Steinway heavy touch

Conrad Hoffsommer hoffsoco@martin.luther.edu
Tue, 17 Jun 2003 06:52:31 -0500


RicB,

At 12:00 6/17/2003 +0200, you wrote:
>Good advice Tom
>
>Its interesting to note that RIS was never a big problem for typists .... 
>until the advent of the very light touch computer keyboard. For the very 
>simple reason that this light touch led so very many to allow themselves a 
>bit of laziness in resting the heel of their hands on the table just in 
>front of the keyboard, which further makes all to easy to slouch into a 
>poor sitting posture. Typing away on these light keys with the hands and 
>body so constrained is a recipe for RIS, especially when the <<player>> 
>doesn't have the good sense ( or permission) to get up and move around a 
>bit from time to time..  Mouse movement and actuation has the same kind of 
>pitfall. If you keep your hand elevated off the table to use the mouse.. 
>you will have far less problems.  Proper technique is more involved then 
>just this certainly... but this illustrates the root problem well enough.
>
>RicB


The electric typewriter and the computer do not require a wide range of motion.

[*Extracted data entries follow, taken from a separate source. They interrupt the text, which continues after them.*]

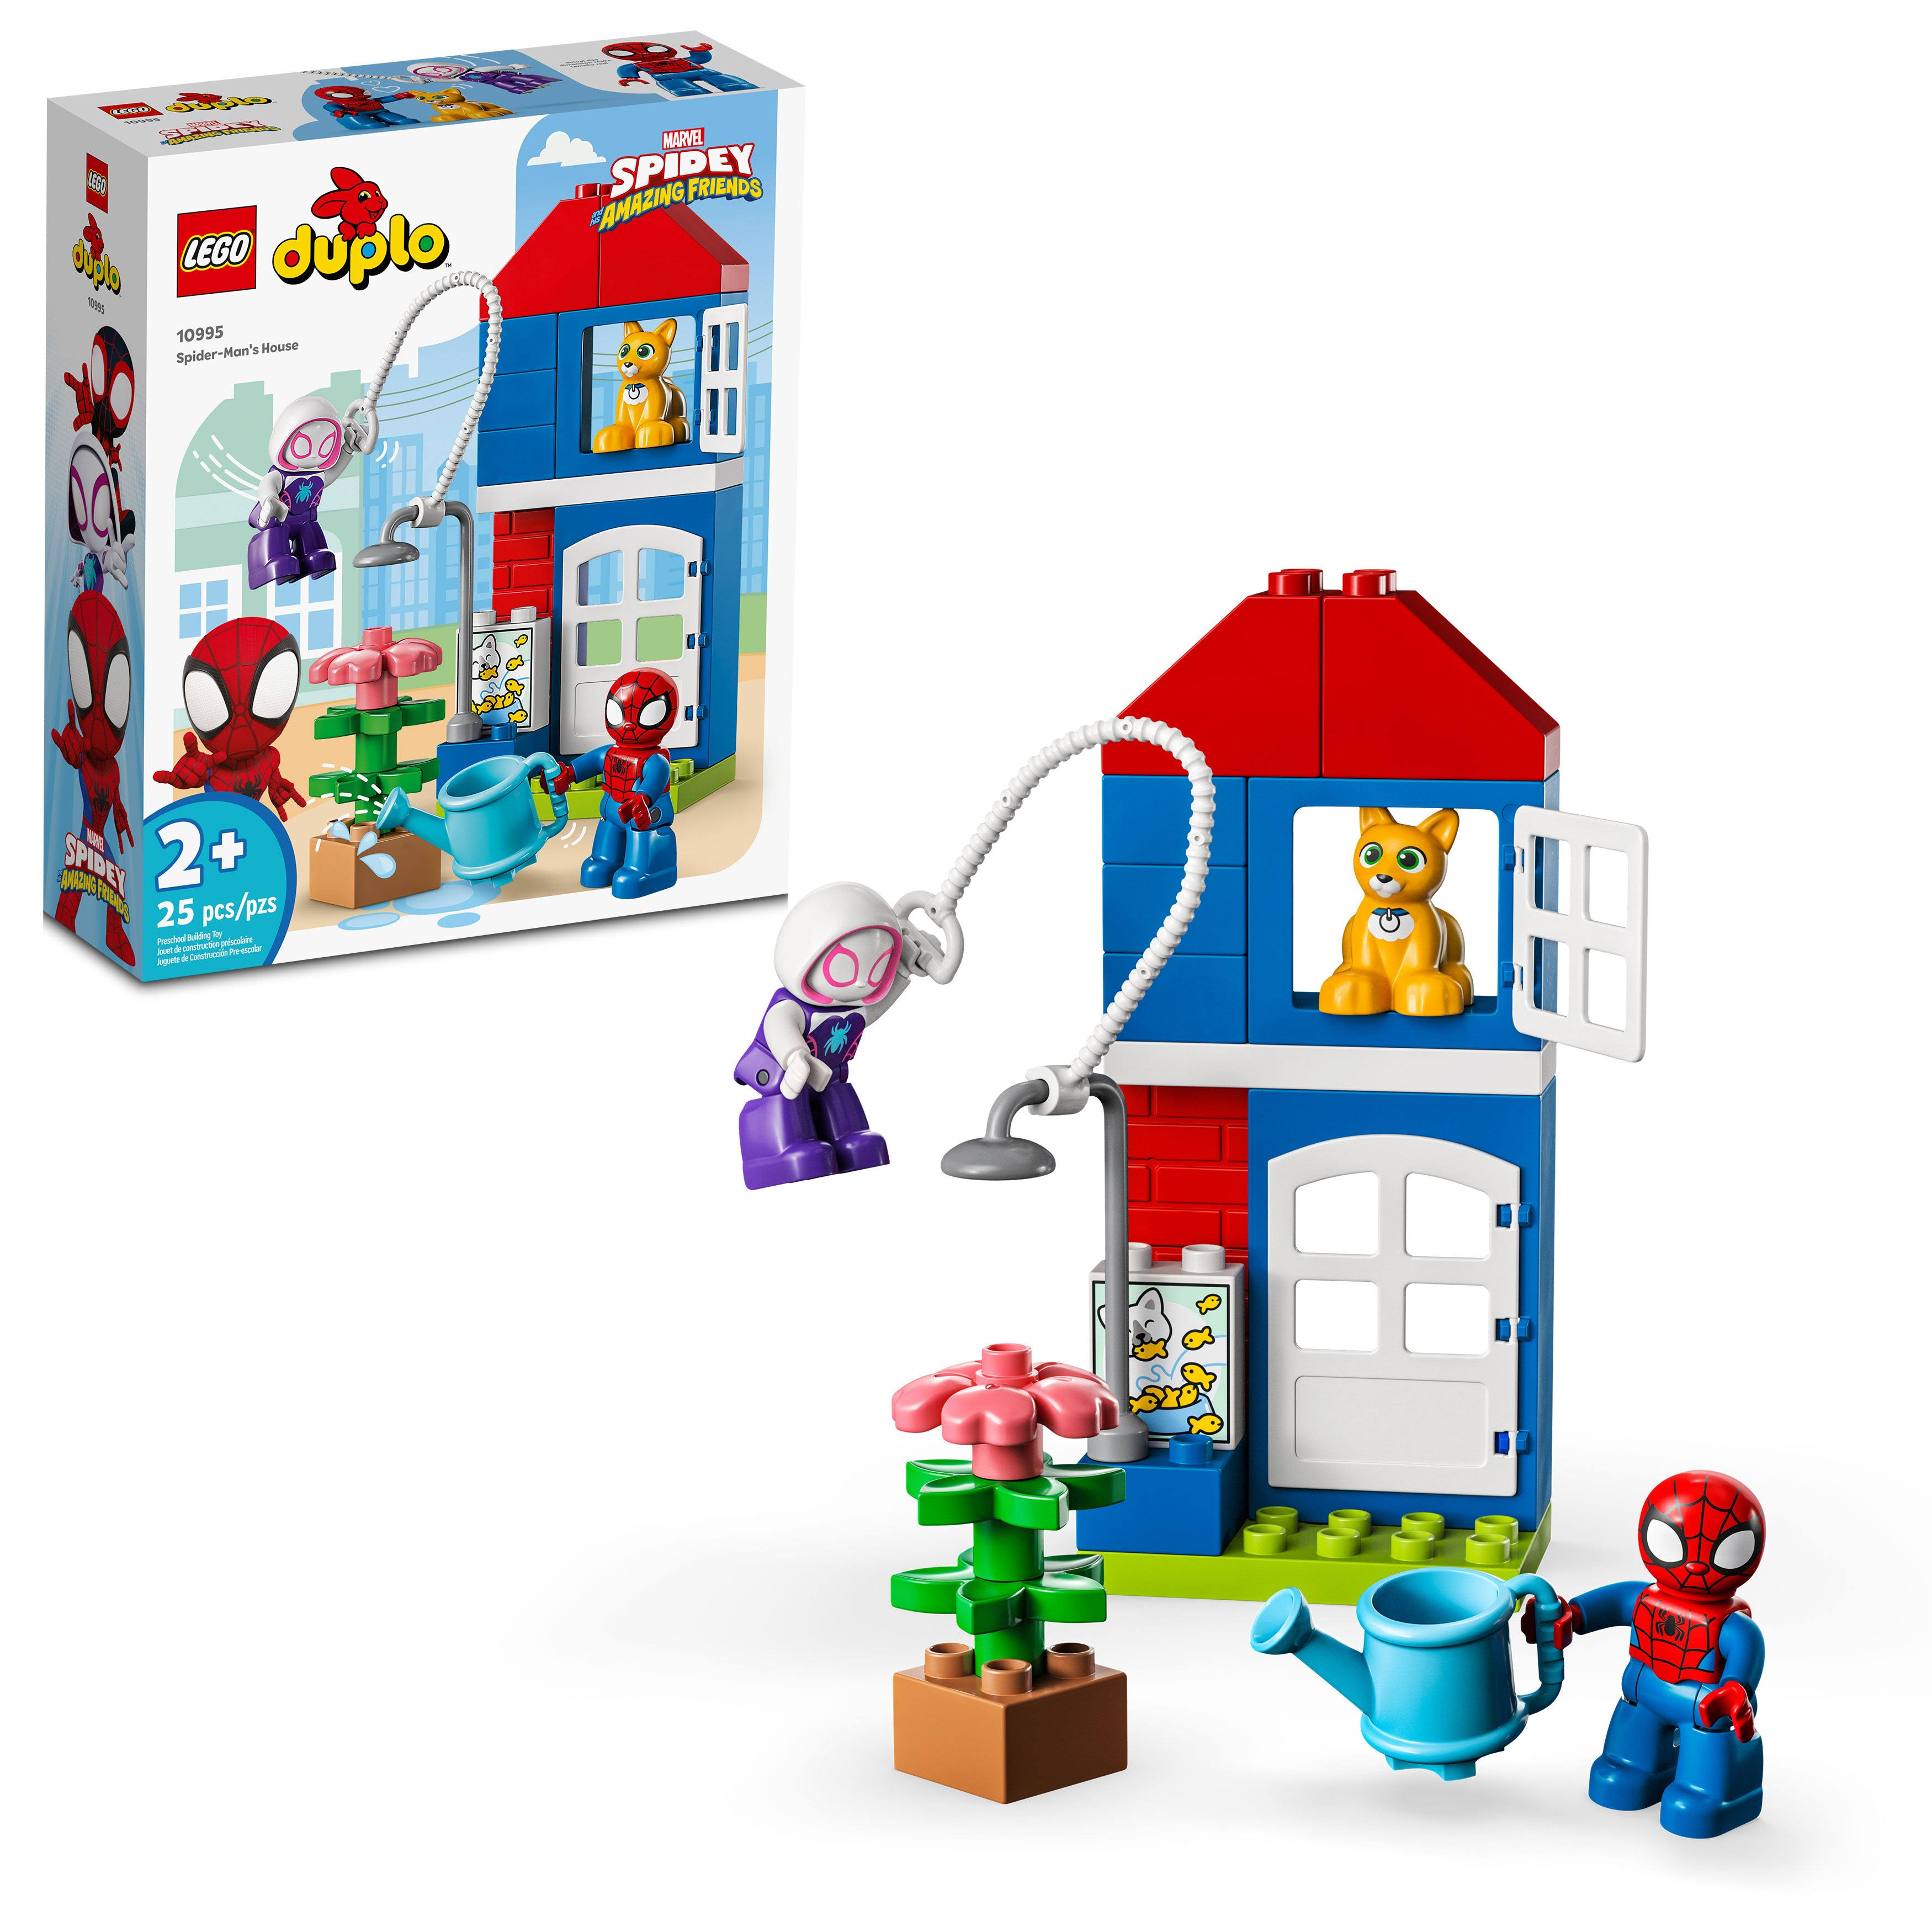 LEGO DUPLO Super Heroes: Marvel Spider-Man's House Building Set (10995)
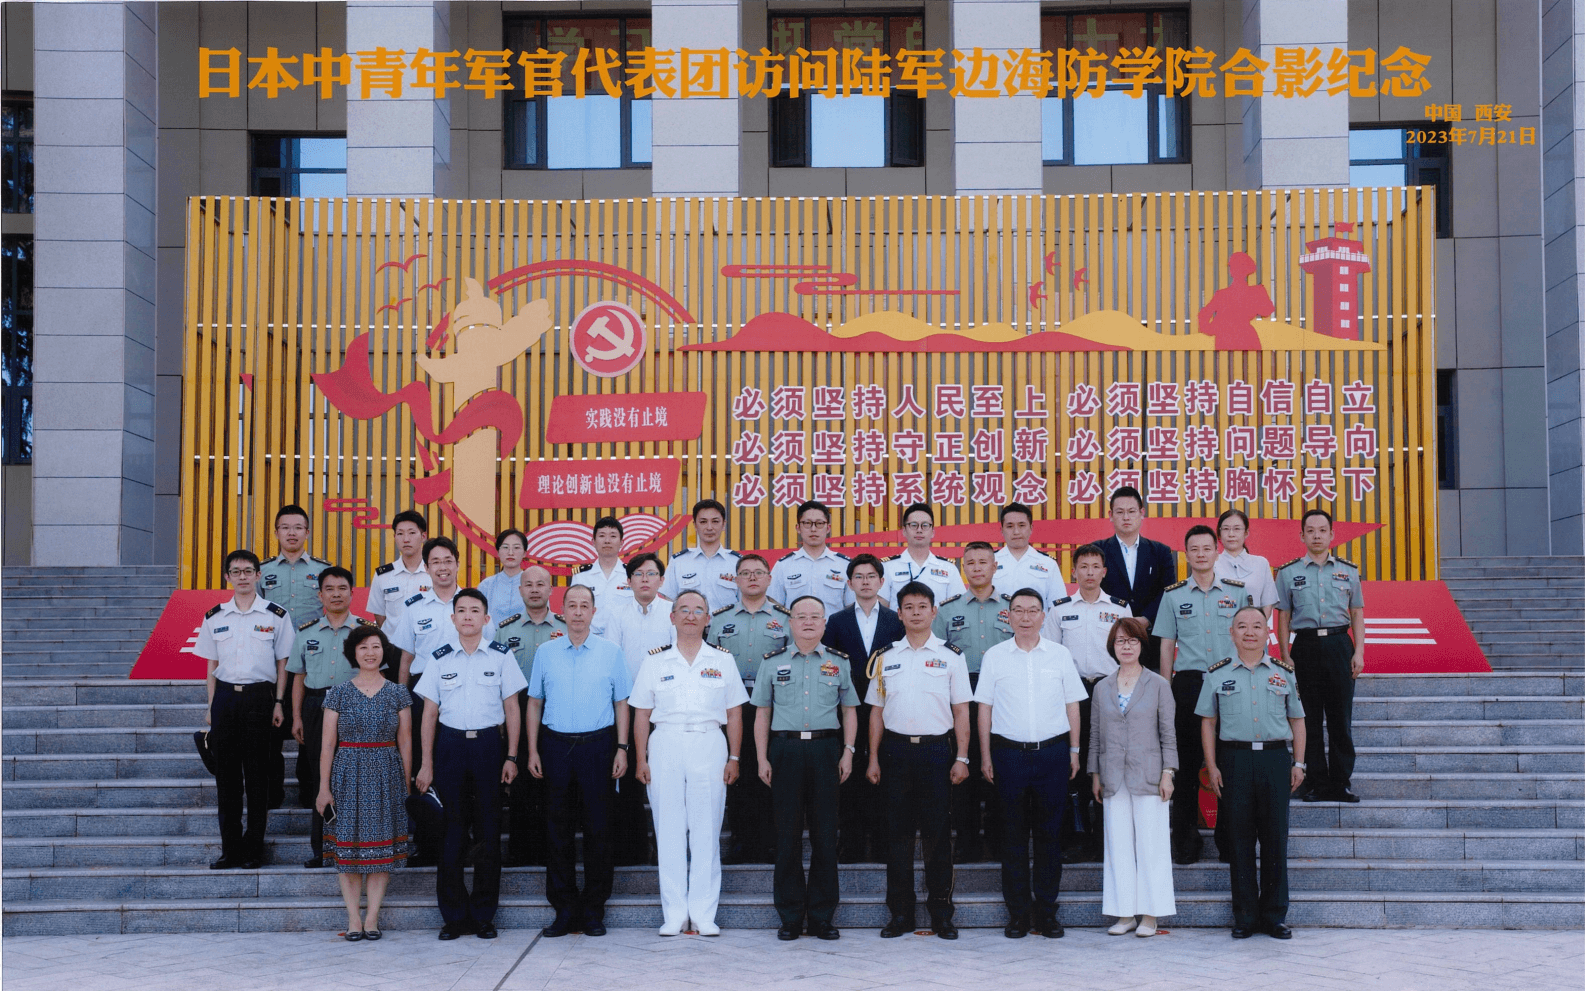 日方代表團訪問中國人民解放軍陸軍邊海防學院。
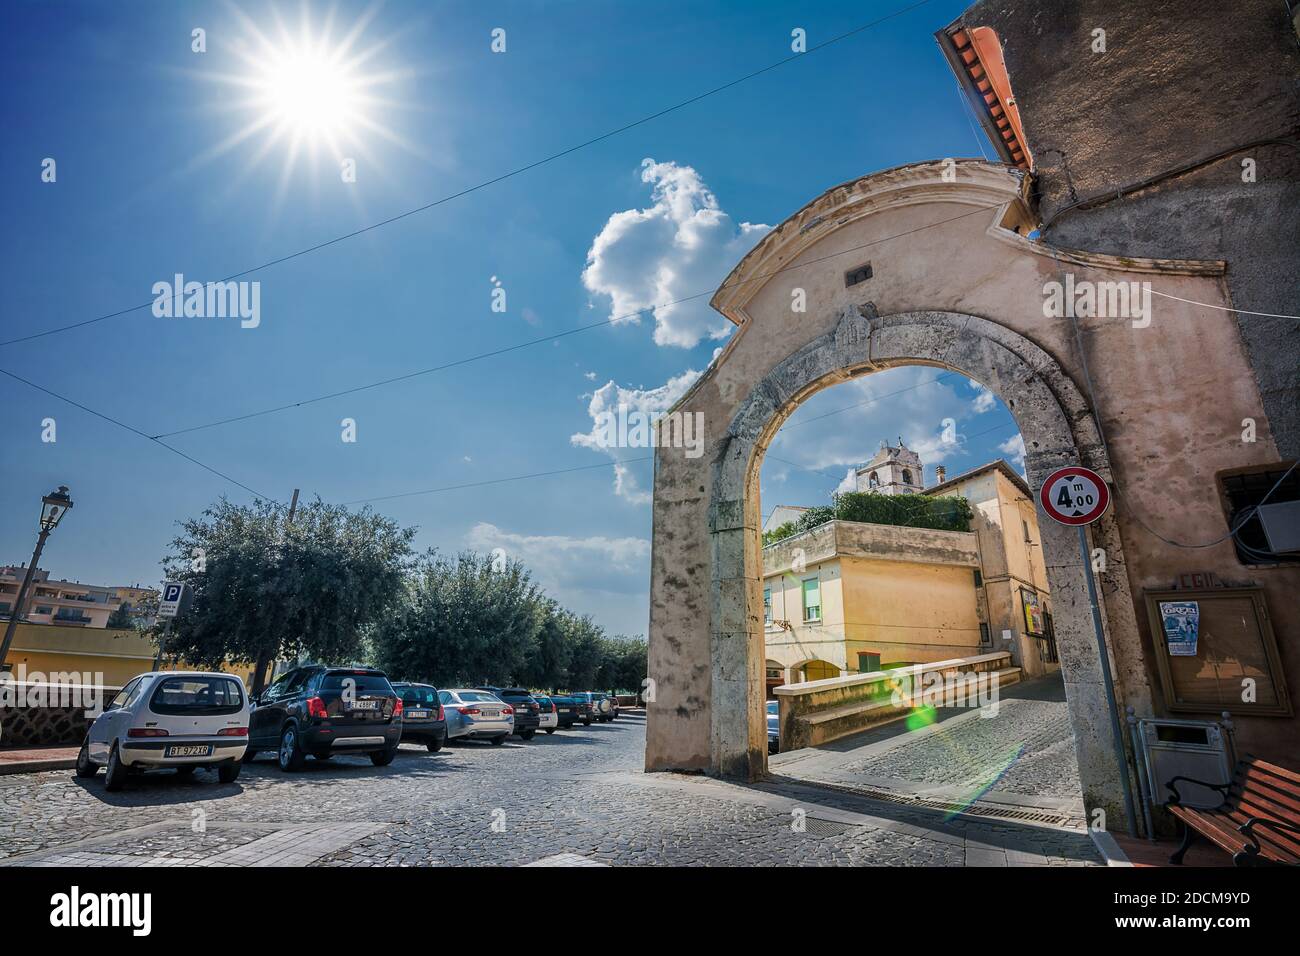 Montalto di Castro, Italien - 18. September 2020: Eingangstür in der antiken Gegend von Montalto di Castro (Italien) Stockfoto
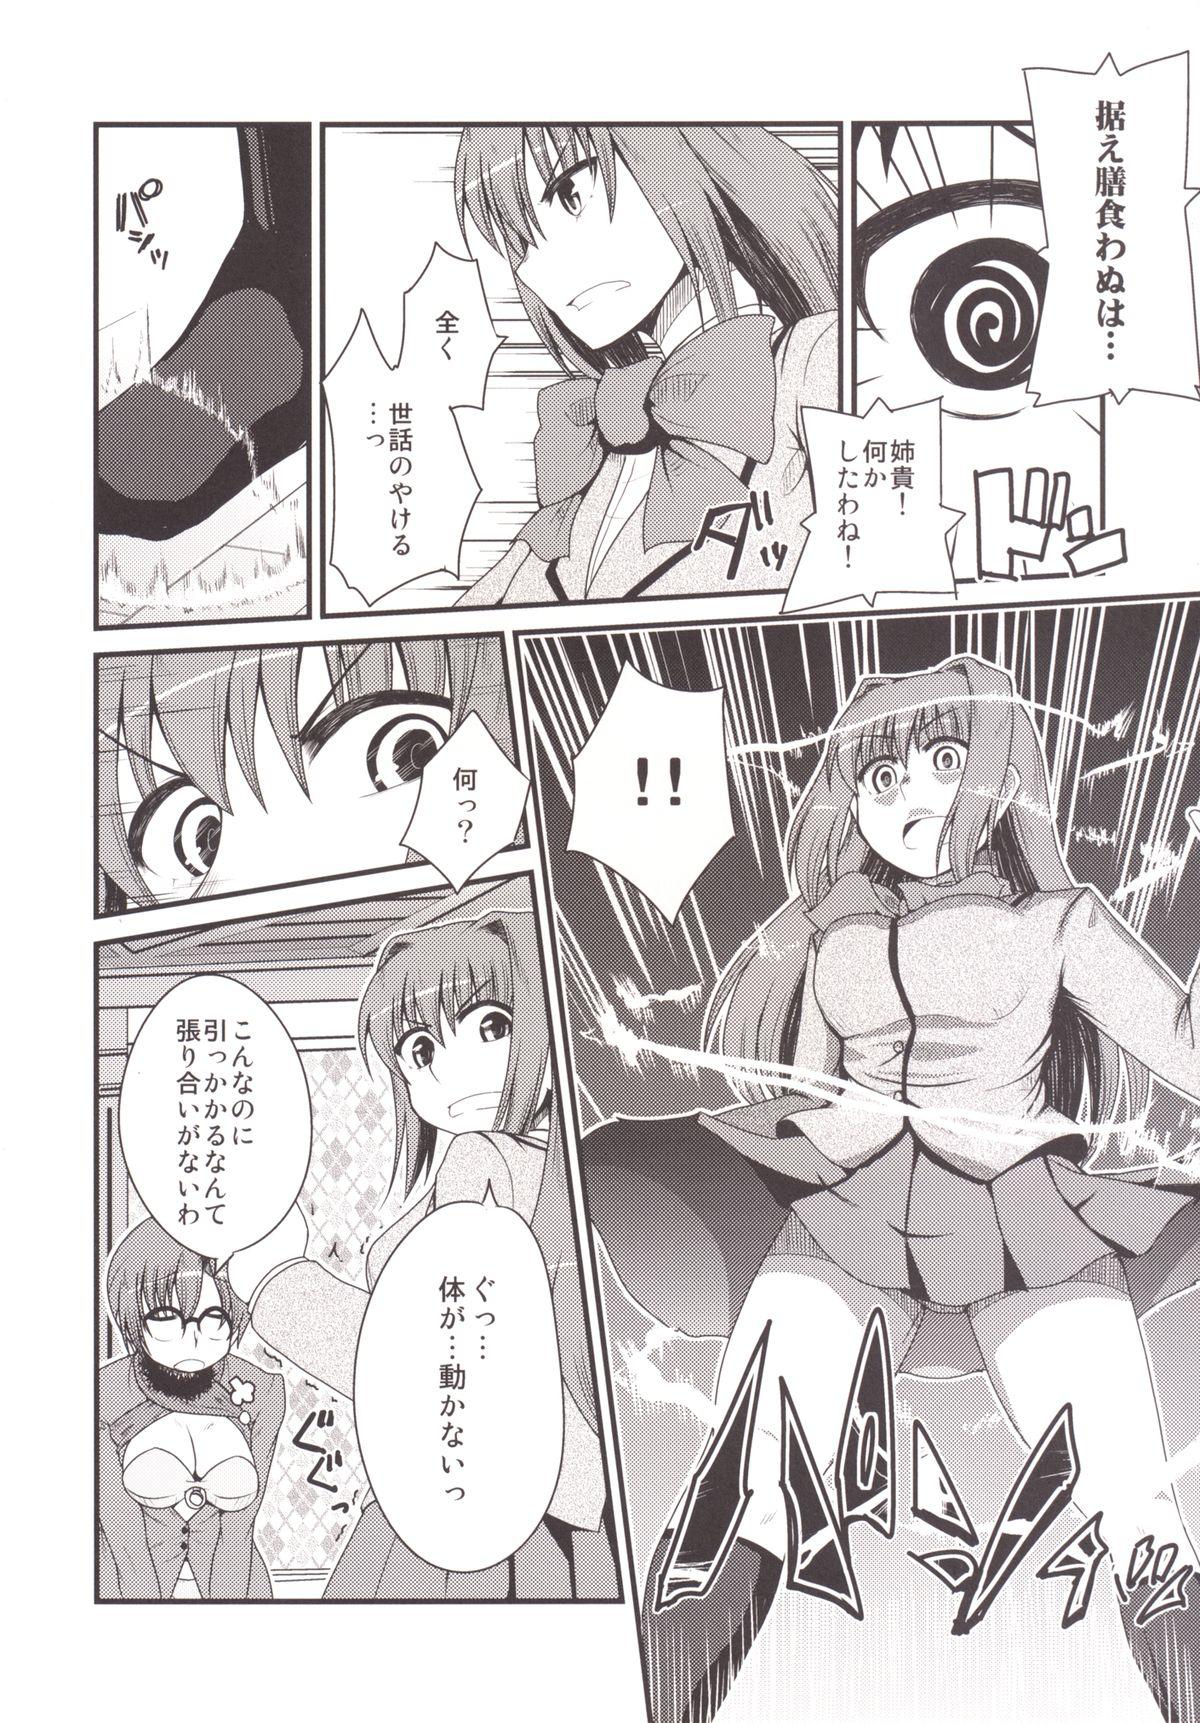 Women Ittsu Main 2 - Mahou tsukai no yoru Stepsis - Page 8

I have, and occasionally still use, a 1910 vintage Underwood Standard w/18" 
carriage (designed to accomodate accounting ledgers).  Allow me to use the 
old beastie as an example.

Formerly, with a manual typewriter, you had to put paper in the top, turn 
knob on the end of the roller to bring paper around to the front, align 
target area for typing, lock in that alignment, type the line, at the end 
of the line you reached up and snagged the carriage return lever and 
returned the platen to the left margin while it simultaneously moved the 
paper up to the next line.  Repeat the process until the document is finished.

Need tabs?  Stand up, lean over and move them to the desired location 
(indexed to a scale on the front) and lock them in place.  Want to change 
margins?  Same sort of thing.   Different font?  Take the page to a 
different machine...

If you made a missteak you had to roll up the paper, erase or whiteout the 
error, roll the paper back and hope it almost lined up, then retype.  Want 
to add a paragraph??  Retype the entire page...   Want a copy for your 
records?  Before you started you should have placed carbon paper between 
original and all copies - and three is about the maximum and still be able 
to read the bottom copy (if it is fresh carbon paper), if not, do it now 
and start over.

Spel chekker?  It's that big book on the desk, next to the candle ;-}

All these things required a wide range of action. In a way they were 
built-in stretching excercises.

Computer use immobilizes you. Your hands never leave the "home key" 
position except to move the mouse.





Conrad Hoffsommer, Decorah, IA

If nobody knows the troubles you've seen, then you don't live in a small town.